Dataset content: Begin
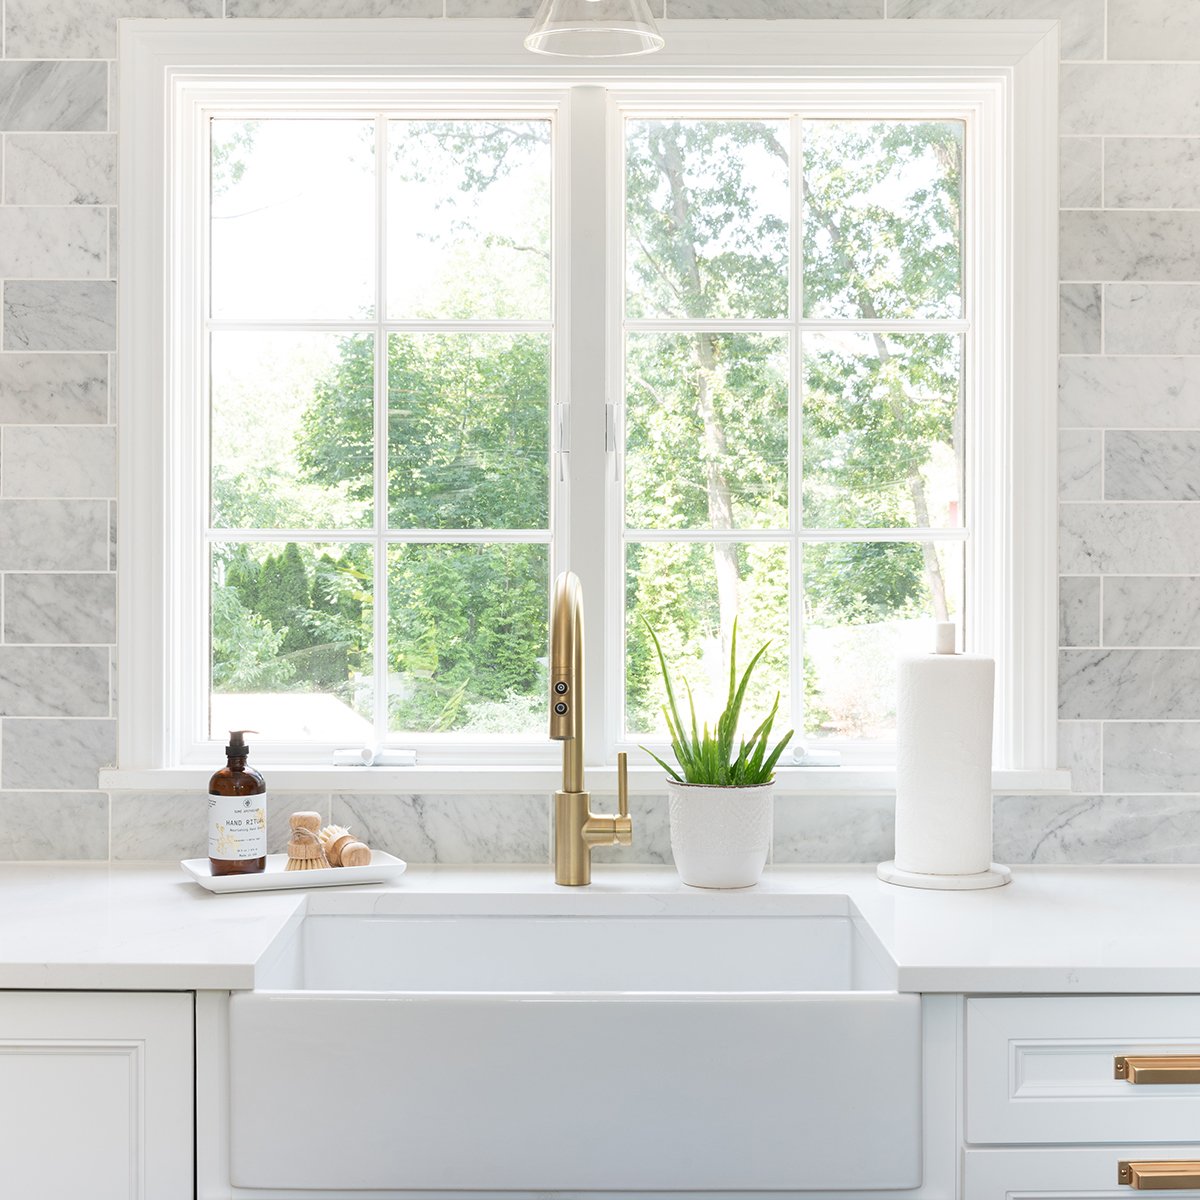 marble kitchen backsplash with farmhouse sink
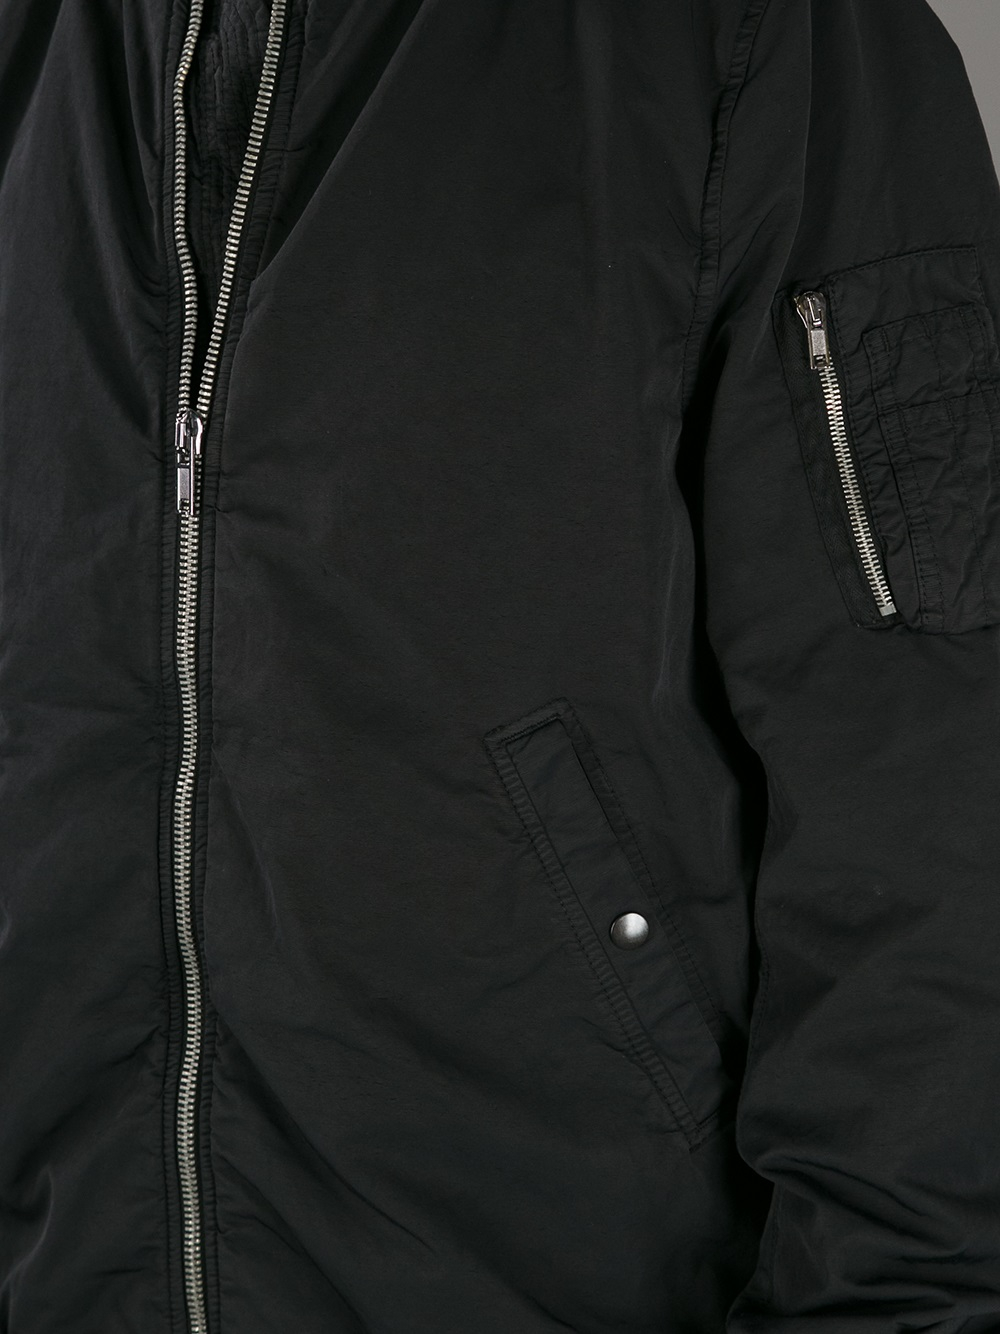 Rick Owens Drkshdw Bomber Jacket in Black for Men - Lyst
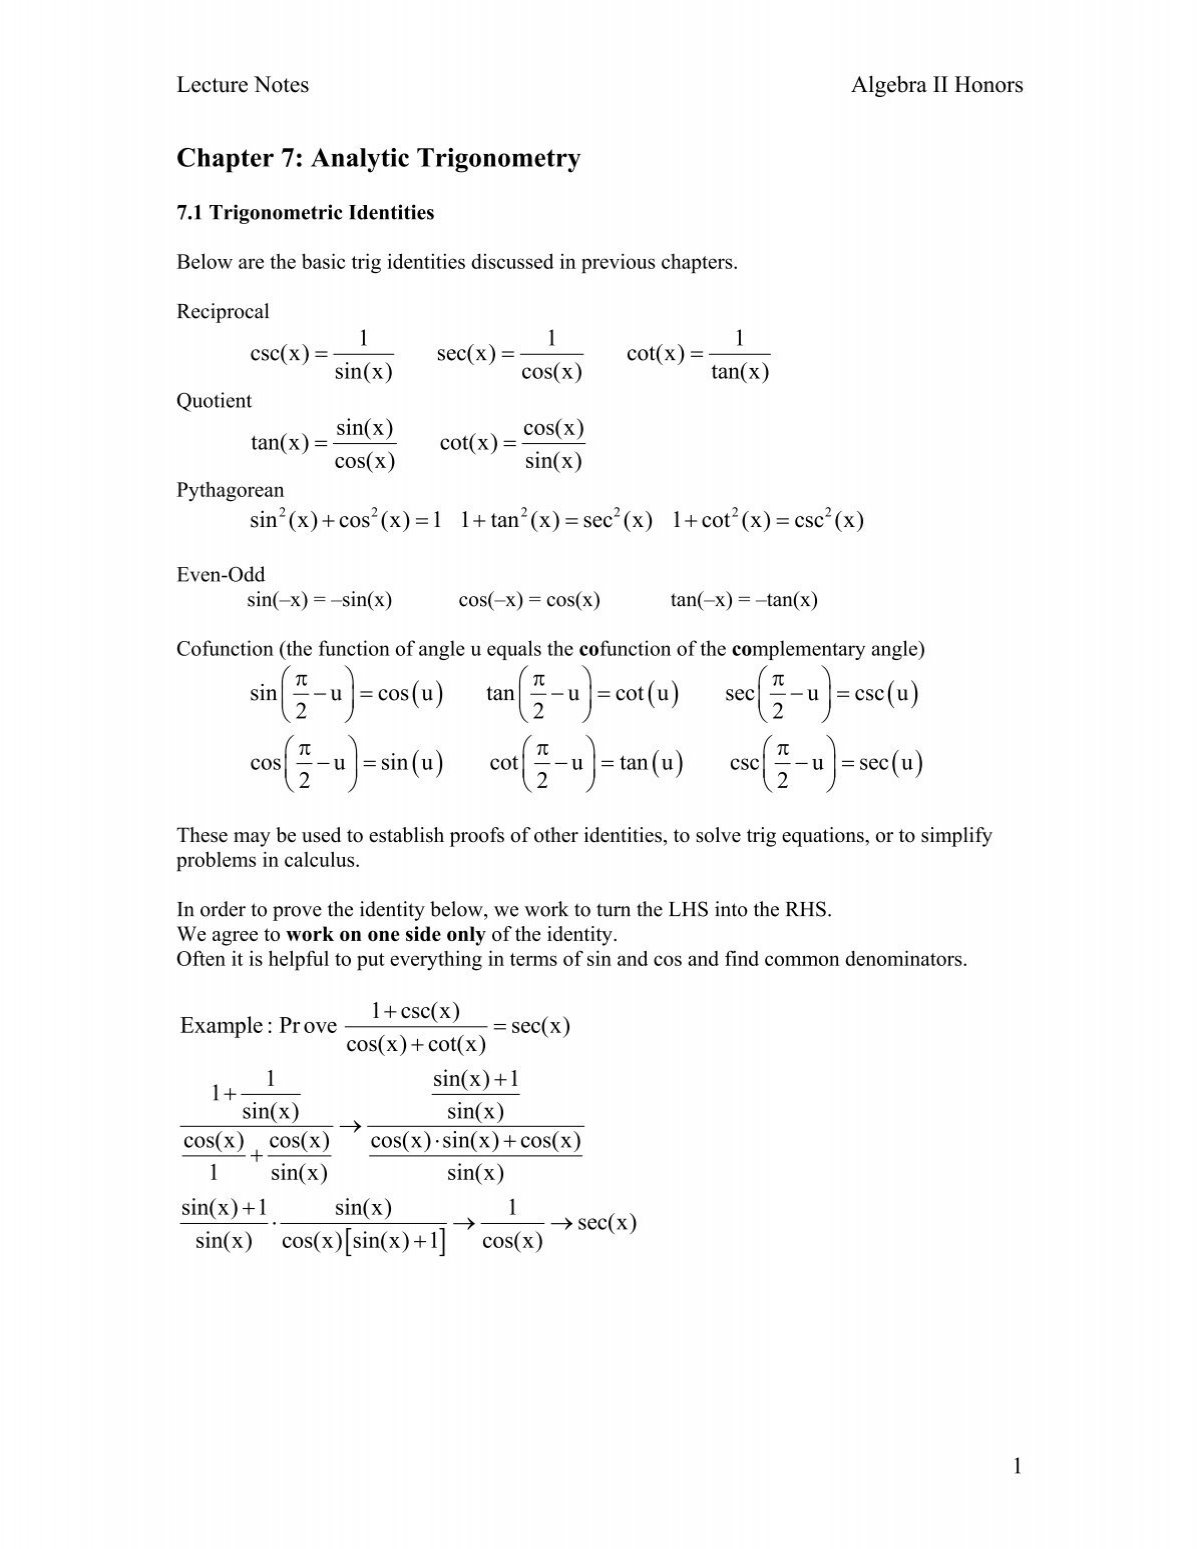 Chapter 7 Analytic Trigonometry
Dataset content: End
• **Exercise directions**:
Starting with the line that holds "Rick Owens Drkshdw", reproduce exactly each line up to and including the last line of the material above, and drop the pictures.

• **Worked solution**:
 Rick Owens Drkshdw Bomber Jacket in Black for Men - Lyst
 Chapter 7 Analytic Trigonometry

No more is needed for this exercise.